Упорство было вознаграждено. Вследствие постепенного упорядочивания местного хаоса один крупный европейский банк вышел на здешний рынок. Несколько лет присматривались, окопавшись в офисе-представительстве, и вдруг поняли: пора. Во всех крупных городах пресловутой европейской части государства началась подготовка к открытию отделений для частных клиентов. Потребовались новые специалисты, вот тут-то наш герой и стал собственно банкиром – женатый мужчина, отец дочери-первоклассницы, автор толковой аналитики получил должность в отделе ипотечного кредитования.

Новоиспеченный банкир обзавелся тремя подобающими костюмными парами, двумя темными для осени, зимы и весны и одной светлой для лета. Купил ботинки для холодного времени года и туфли для теплого. Портфель для деловых бумаг у него уже имелся – супруга подарила заранее в качестве намека на необходимость перемен, а возможно, предчувствуя их. На своем новом поприще он скоро преуспел, и регулярное жалованье позволило арендовать двухкомнатную квартиру в одном из центральных кварталов, чрезвычайно востребованных у ценителей жилья с так называемой атмосферой. Все шесть переулков в том квартале возле пруда пользовались высоким спросом, но каждый имел еще и собственную армию почитателей. Банкир знал точно, какой именно дом нужен ему. Восьмиэтажный в два подъезда. Дом был крепок и красив своим толковым без излишеств устройством, окнами смотрел на прямоугольную чашу пруда, но не это определило выбор банкира.
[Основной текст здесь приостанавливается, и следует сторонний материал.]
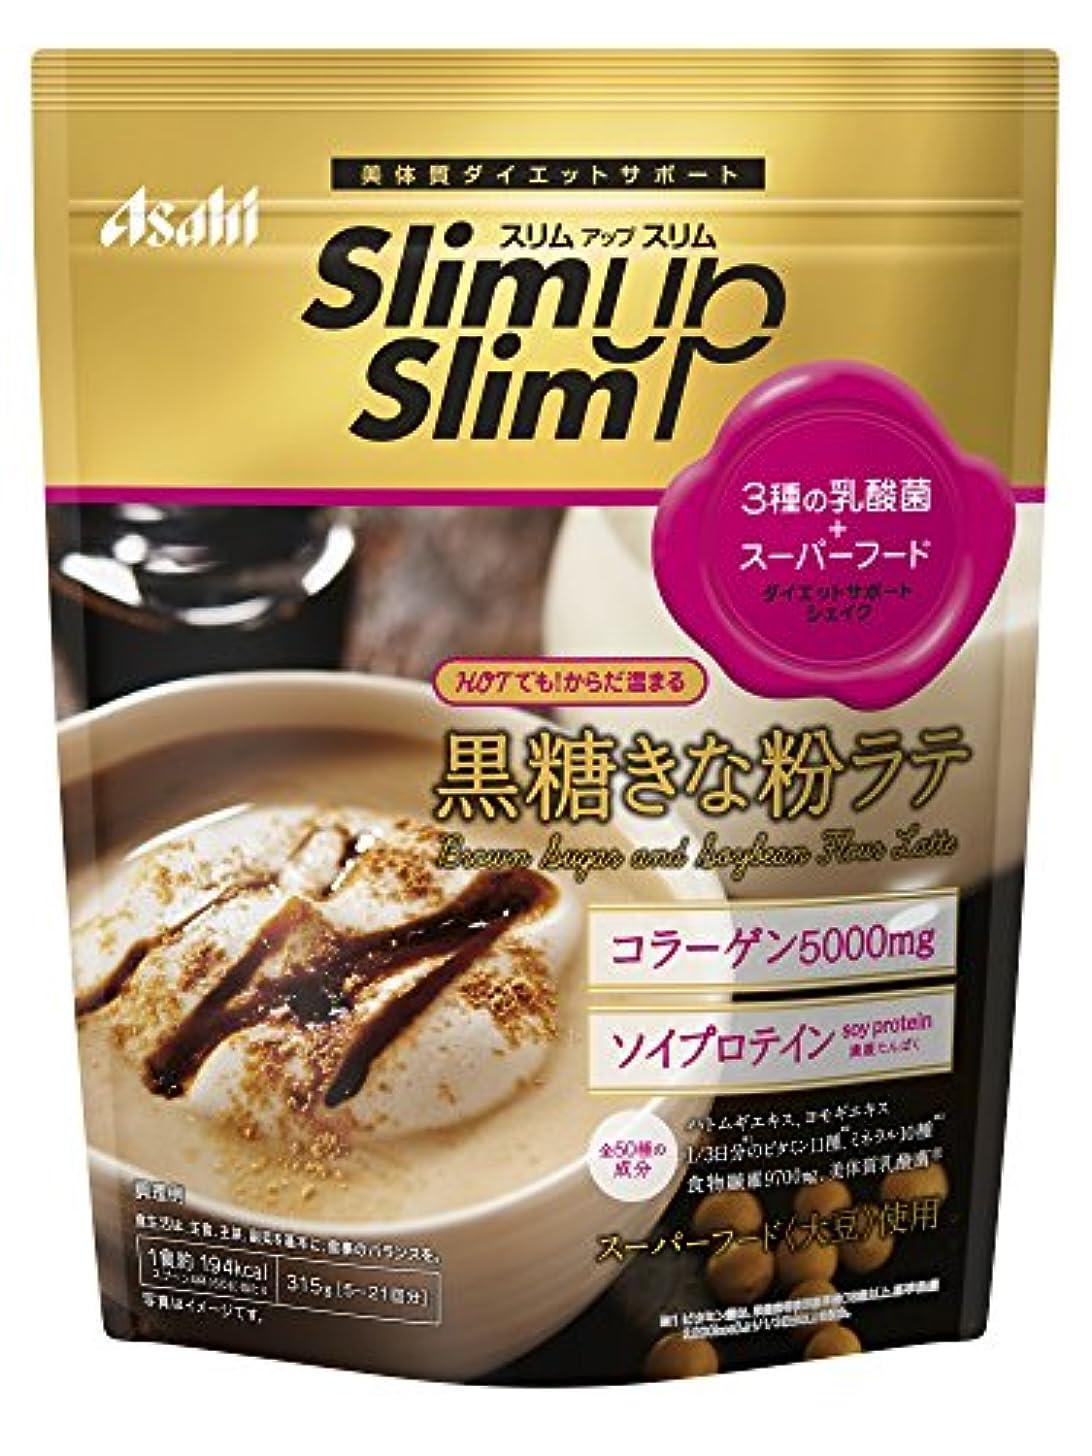 怖い噴出する蒸発アサヒグループ食品 スリムアップスリム 乳酸菌+スーパーフードシェイク 黒糖きな粉ラテ 315g

Весь первый этаж дома занимал магазин мебели и различных предметов уюта. Банкир заходил в этот магазин и разглядывал пузатые, с замысловатыми латунными накладками французские комоды, фламандские стулья из серого дуба с точеными ножками, расписные туалетные столики из Италии, мраморные камины из южных американских штатов, но не эти безусловно замечательные объекты пленили его сердце. Они служили лишь прелюдией, поводом для томительного ожидания встречи с главным. Прогулявшись по магазину, банкир ступал за дверь, на тротуар, и, сдерживаясь, чтобы не броситься скорее вперед в такт разгоняющемуся сердцу, подходил к витрине.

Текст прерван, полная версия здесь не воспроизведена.